[英]How to get max of a slice of a dataframe based on column values?
I'm looking to make a new column, MaxPriceBetweenEntries
based on the max() of a slice of the dataframe我希望根据数据帧切片的 max() 创建一个新列MaxPriceBetweenEntries
idx Price EntryBar ExitBar
0 10.00 0 1
1 11.00 NaN NaN
2 10.15 2 4
3 12.14 NaN NaN
4 10.30 NaN NaN
turned into转换成
idx Price EntryBar ExitBar MaxPriceBetweenEntries
0 10.00 0 1 11.00
1 11.00 NaN NaN NaN
2 10.15 2 4 12.14
3 12.14 NaN NaN NaN
4 10.30 NaN NaN NaN
I can get all the rows with an EntryBar or ExitBar value with df.loc[df["EntryBar"].notnull()]
and df.loc[df["ExitBar"].notnull()]
, but I can't use that to set a new column:我可以使用df.loc[df["EntryBar"].notnull()]
和df.loc[df["ExitBar"].notnull()]
获取带有 EntryBar 或 ExitBar 值的所有行,但我不能使用它来设置一个新列:
df.loc[df["EntryBar"].notnull(),"MaxPriceBetweenEntries"] = df.loc[df["EntryBar"]:df["ExitBar"]]["Price"].max()

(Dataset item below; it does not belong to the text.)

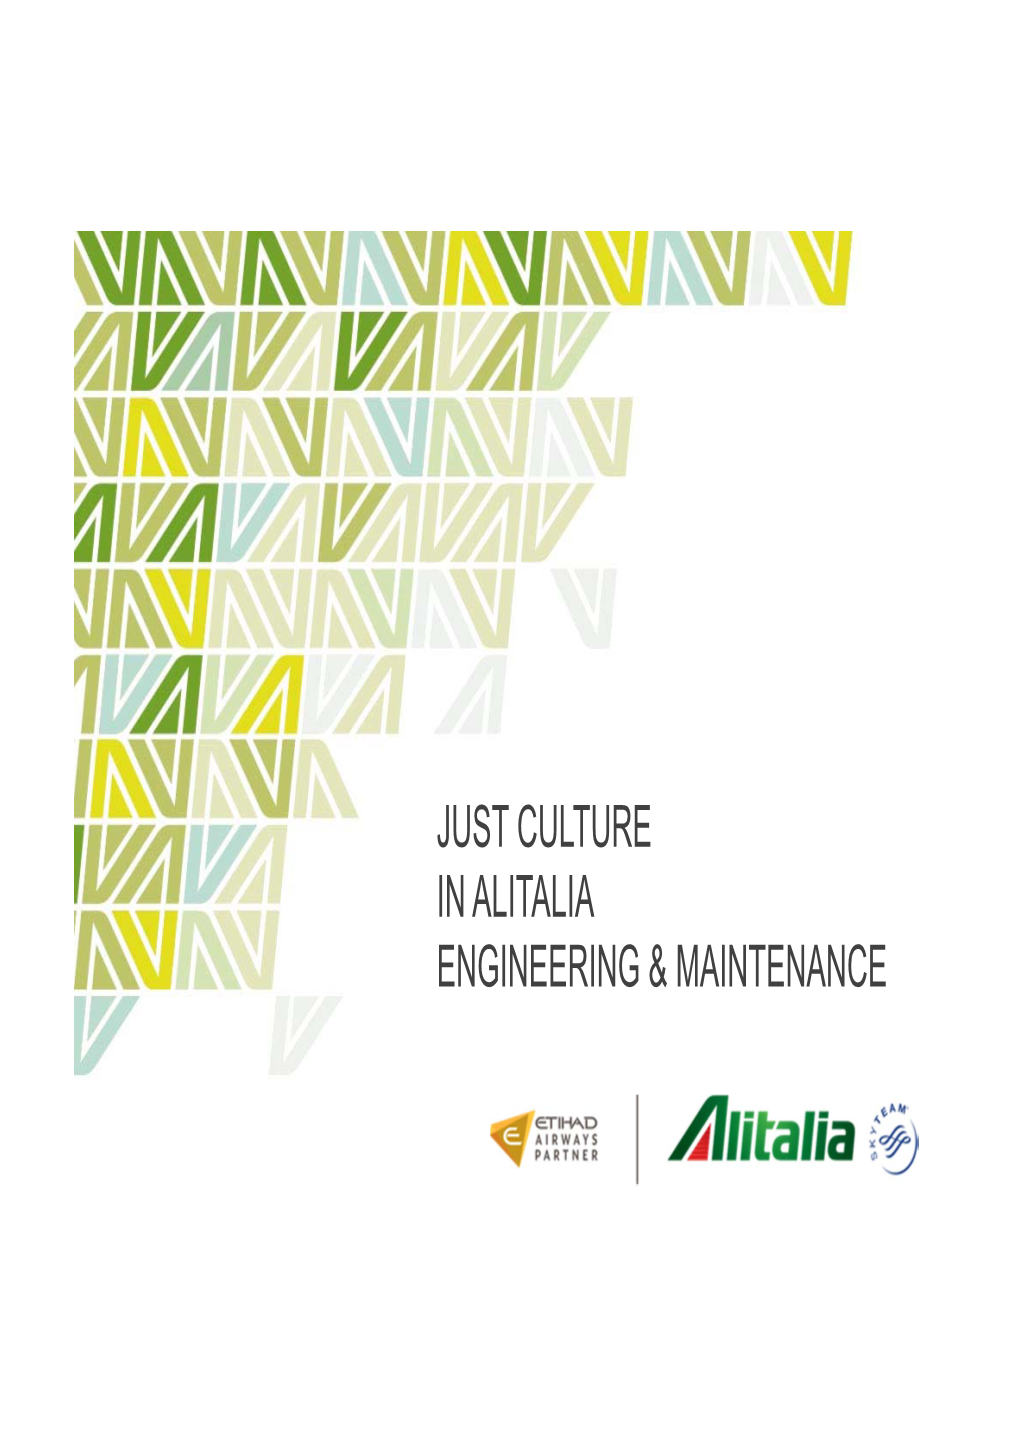 Just Culture in Alitalia Engineering & Maintenance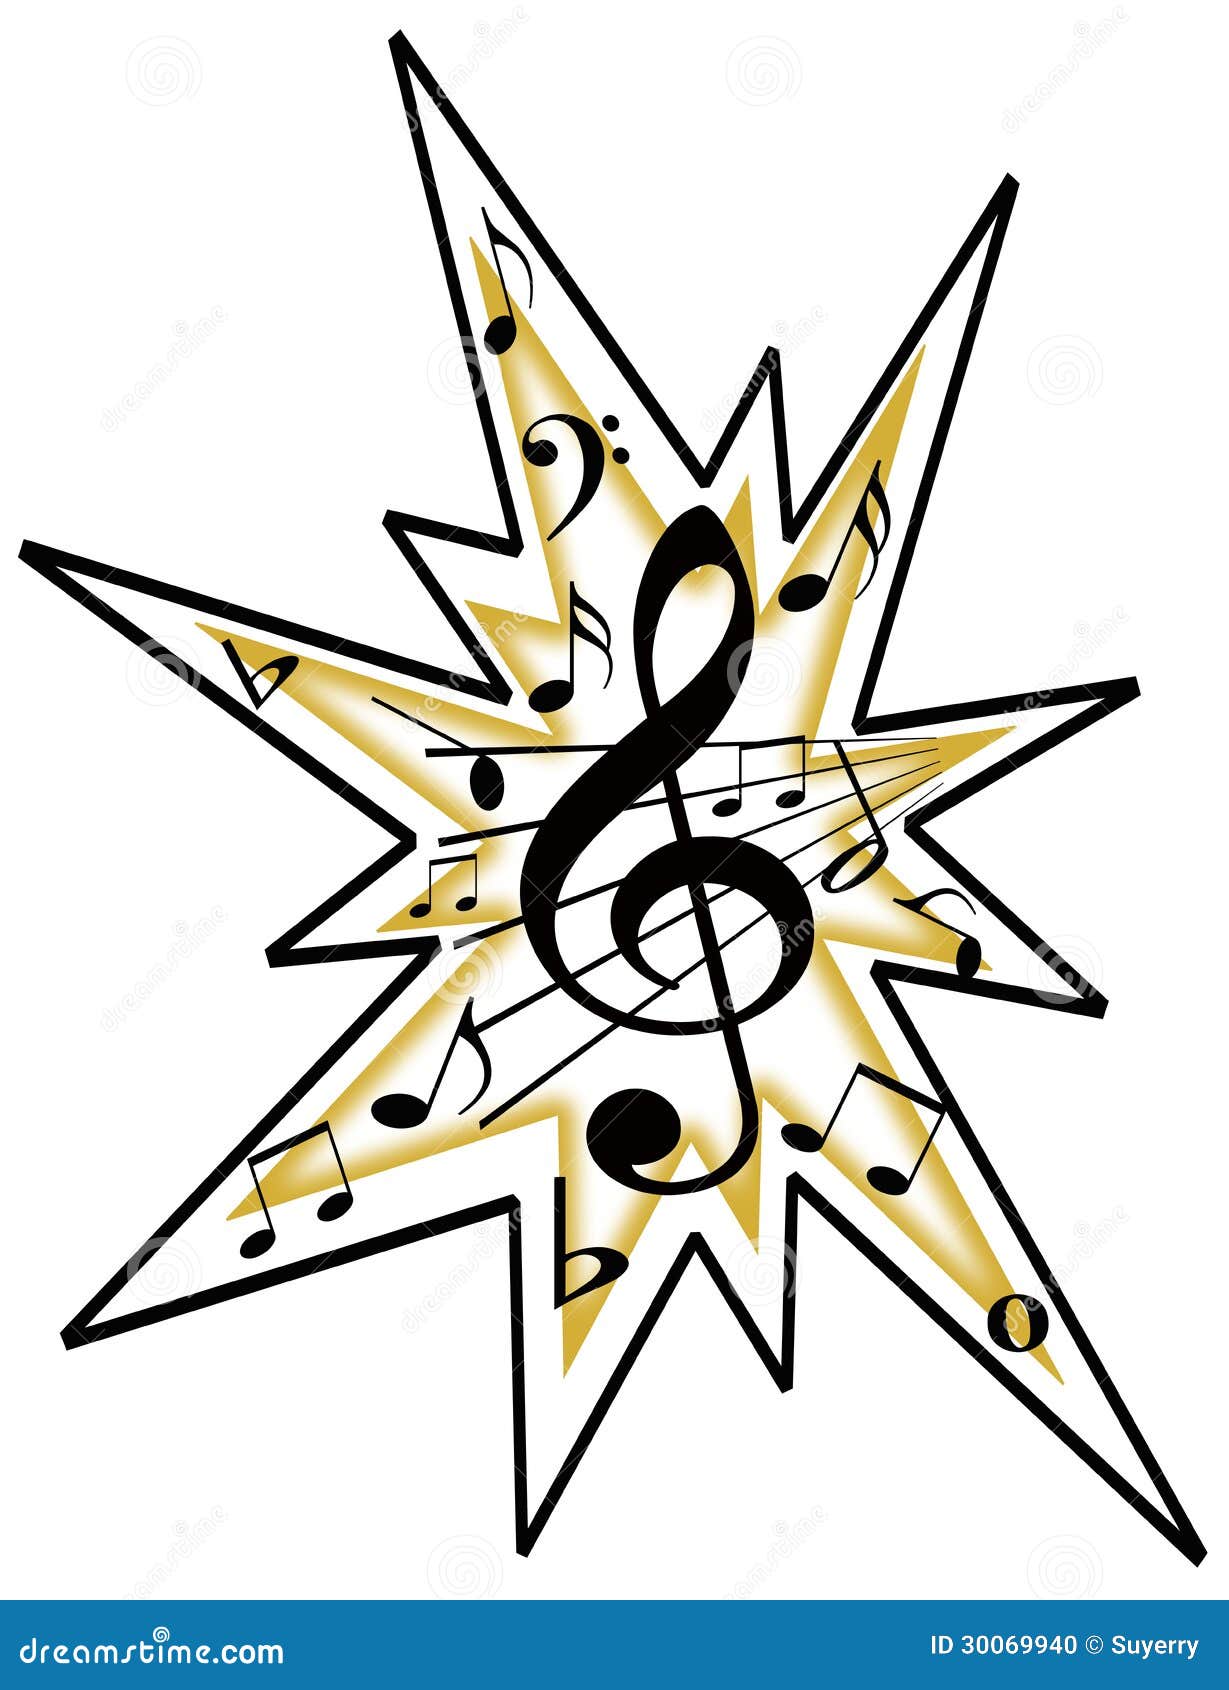 Musical Illustration Vector Hd PNG Images, Music Logo Icon Vector  Illustration Design, Vector, Mobile, Modern PNG Image For Free Download

but that's effectively a guess at this point, because nothing I'm trying works.但这实际上是一个猜测,因为我尝试的任何方法都不起作用。 Ideally the solution wouldn't involve a loop directly because there may be millions of rows.理想情况下,解决方案不会直接涉及循环,因为可能有数百万行。
You can groupby the cumulative sum of non-null entries and take the max, unsing np.where()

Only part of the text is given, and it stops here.